The library's atrium was ringed by tables offering pamphlets and flyers from various agencies. Considering that nearly a third of retirees depend on Social Security as their main source of income, I wanted to talk to the woman at the Social Security table. She, however, did not want to talk to me. "Ah, you see, I'm not supposed to speak to the press," she said, declining to tell me what she did with the Administration. She handed me a piece of paper. "You can find all of the information you need right here." Her finger pointed to the top of the sheet, which instructed me to BOLDLY GO TO SOCIALSECURITY.GOV.

The Social Security Administration has adopted a Star Trek theme to promote its online resources, and I could see George Takei, aka Mr. Sulu, grinning from another pamphlet on the table. I thanked the woman and put the piece of paper in my bag, which already contained a DVD on "Deposit Insurance Coverage" from the FDIC (the DVD turned out to be as compelling as you might imagine) and a pack of playing cards from the Financial Industry Regulatory Authority, a self-regulating organization of investment banks whose name makes it sound like the government agency it isn't. The top card read, "We stacked this deck for you."

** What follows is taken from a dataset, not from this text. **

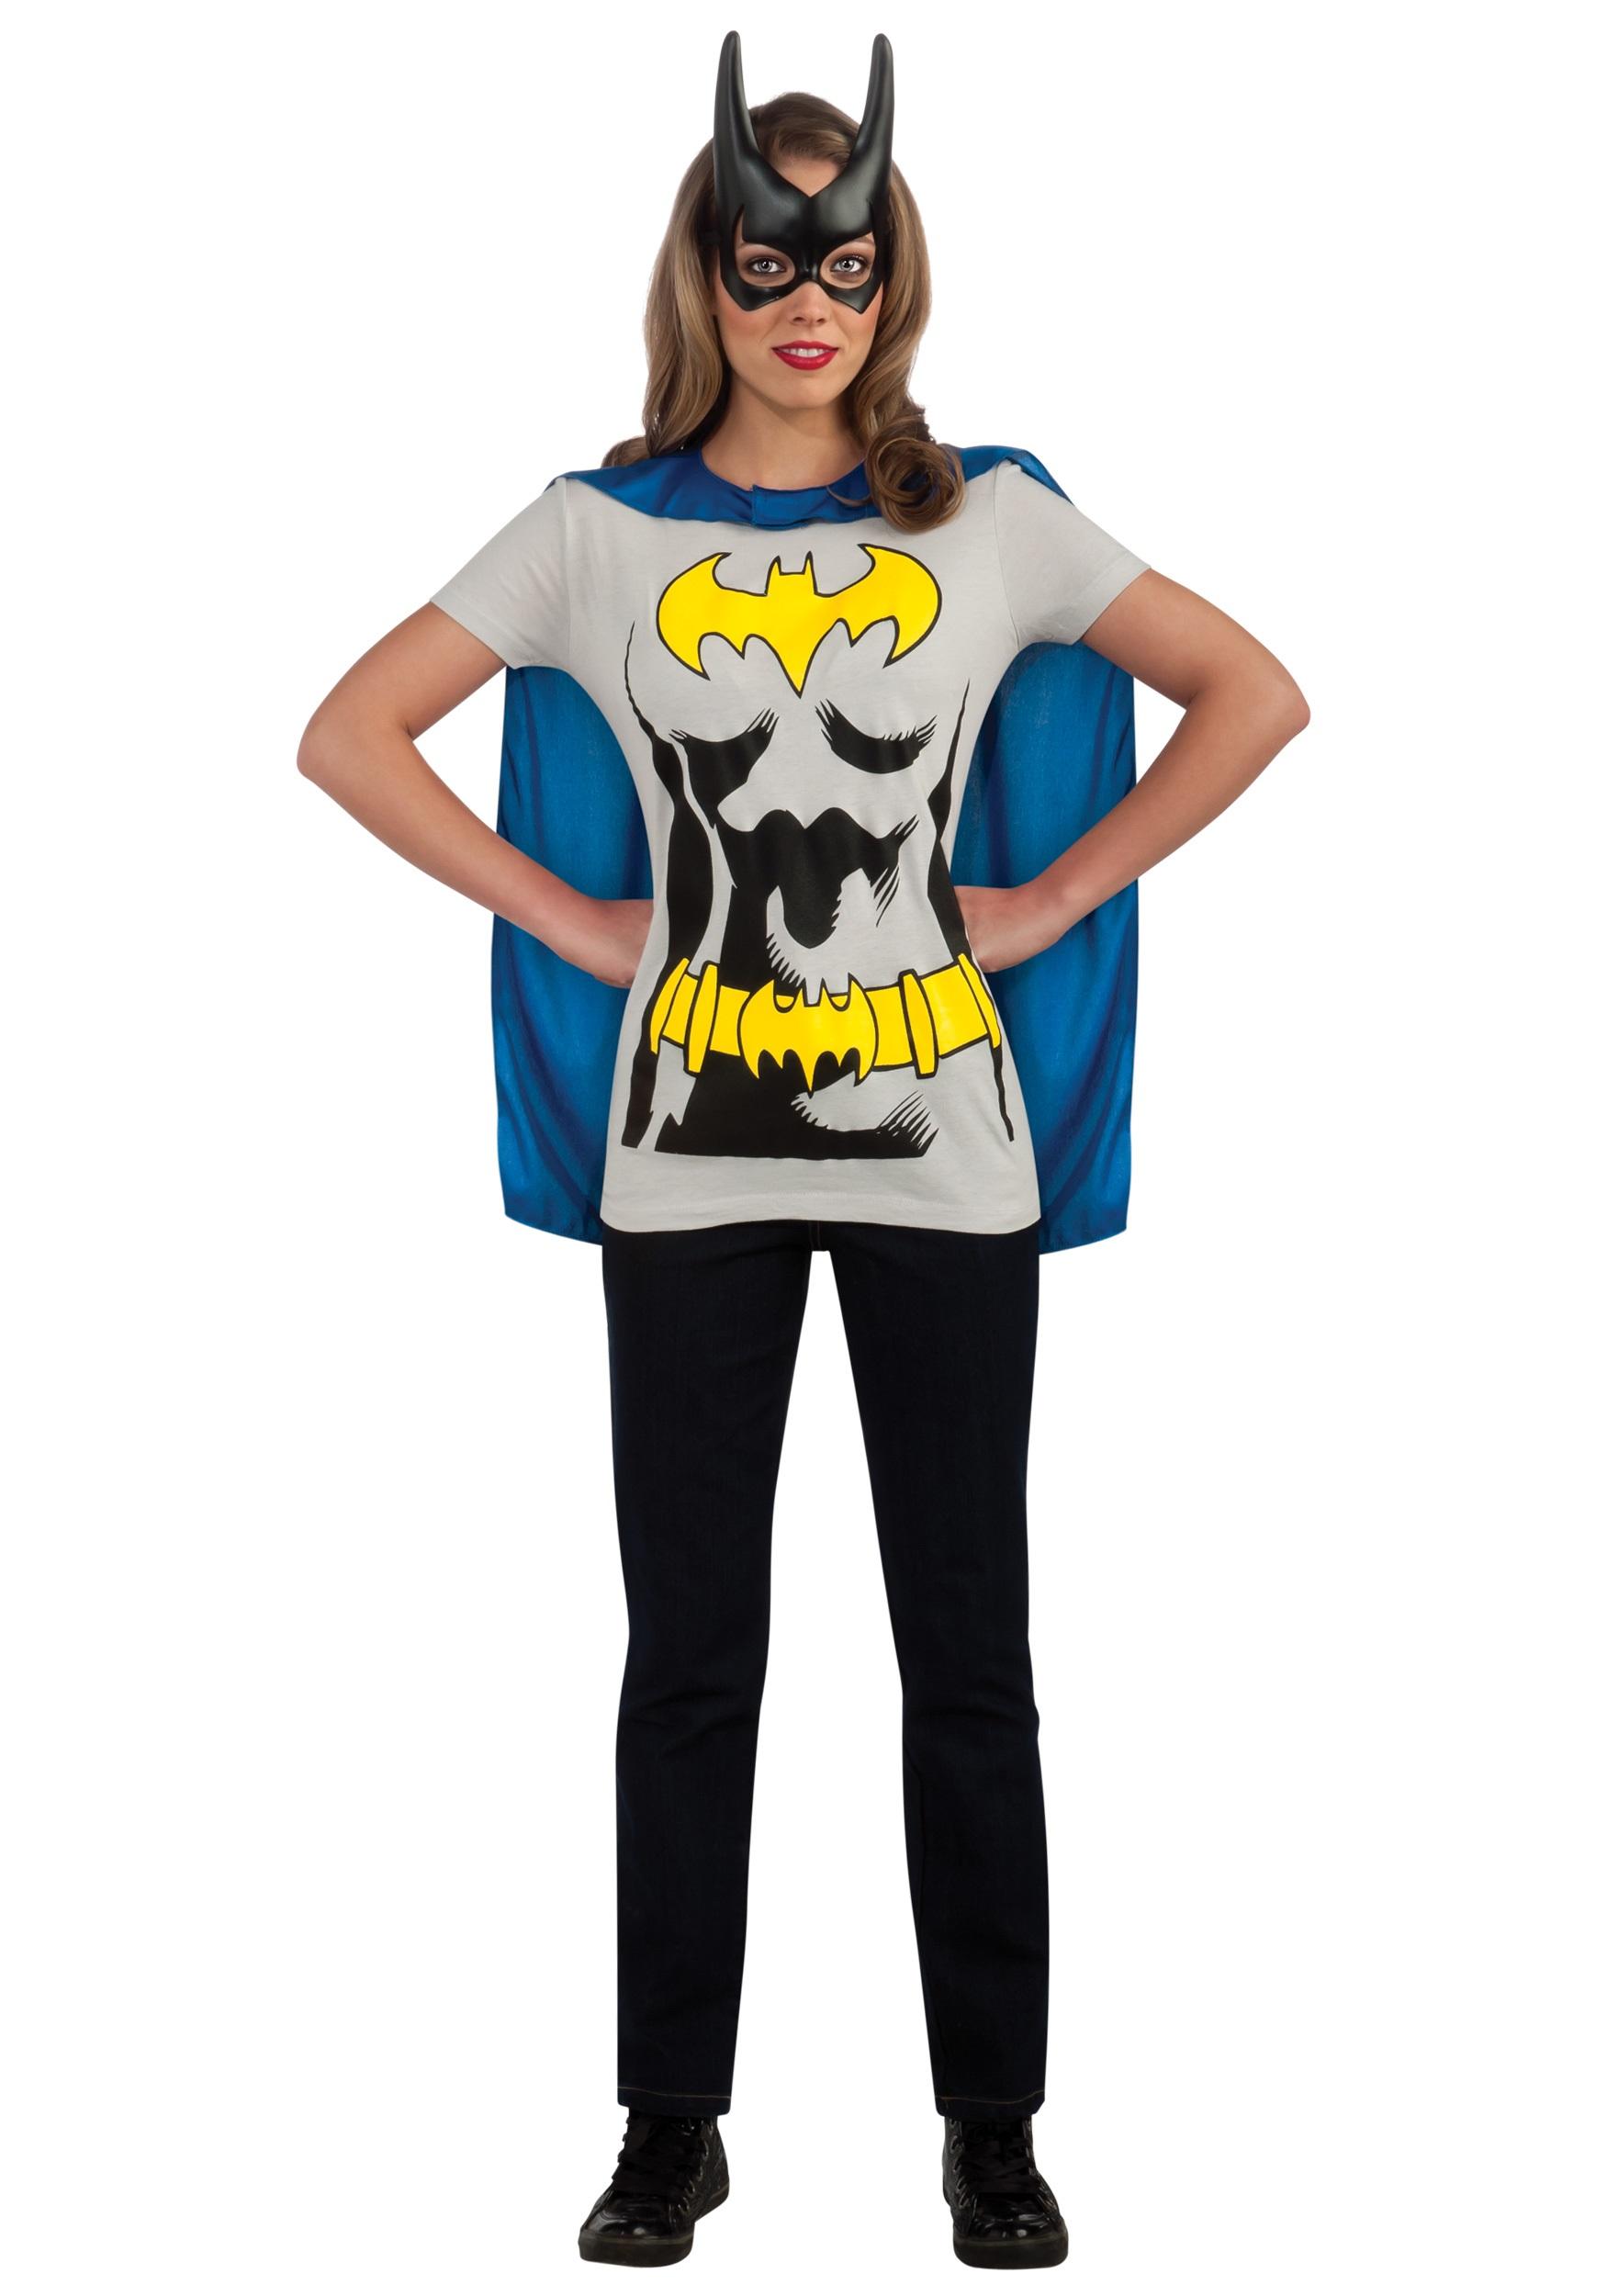 C956 Superhero T-Shirt Women Costume Wonder Woman Robin Supergirl Batgirl /& Cape

I suspected the gambling innuendo owed less to an ironic sensibility than to a certain obliviousness. Still, it turned out to be of a piece with the financial-planning advice being given in the seminars I attended, which emphasized that Americans could count on few guarantees for their income during retirement, if they could count on any guarantees at all. Social Security was under siege, defined-benefit pension plans were as elusive as unicorns: preparing for the future required "understanding your risk tolerance" and placing your bets accordingly.

"The greater the risk, the greater the reward. Also, the greater chance of losing money," said Kathleen Floyd from the Securities and Exchange Commission, speaking about the need to "Save and Invest Wisely."

And even avoiding risk invited its own risk. Keeping your nest egg in a bank account made you vulnerable to inflation. Putting it into a high-yield CD through a brokerage would be "betting on the solvency of the company behind it." Park it in an annuity, and "you're banking on the staying power of the insurance company."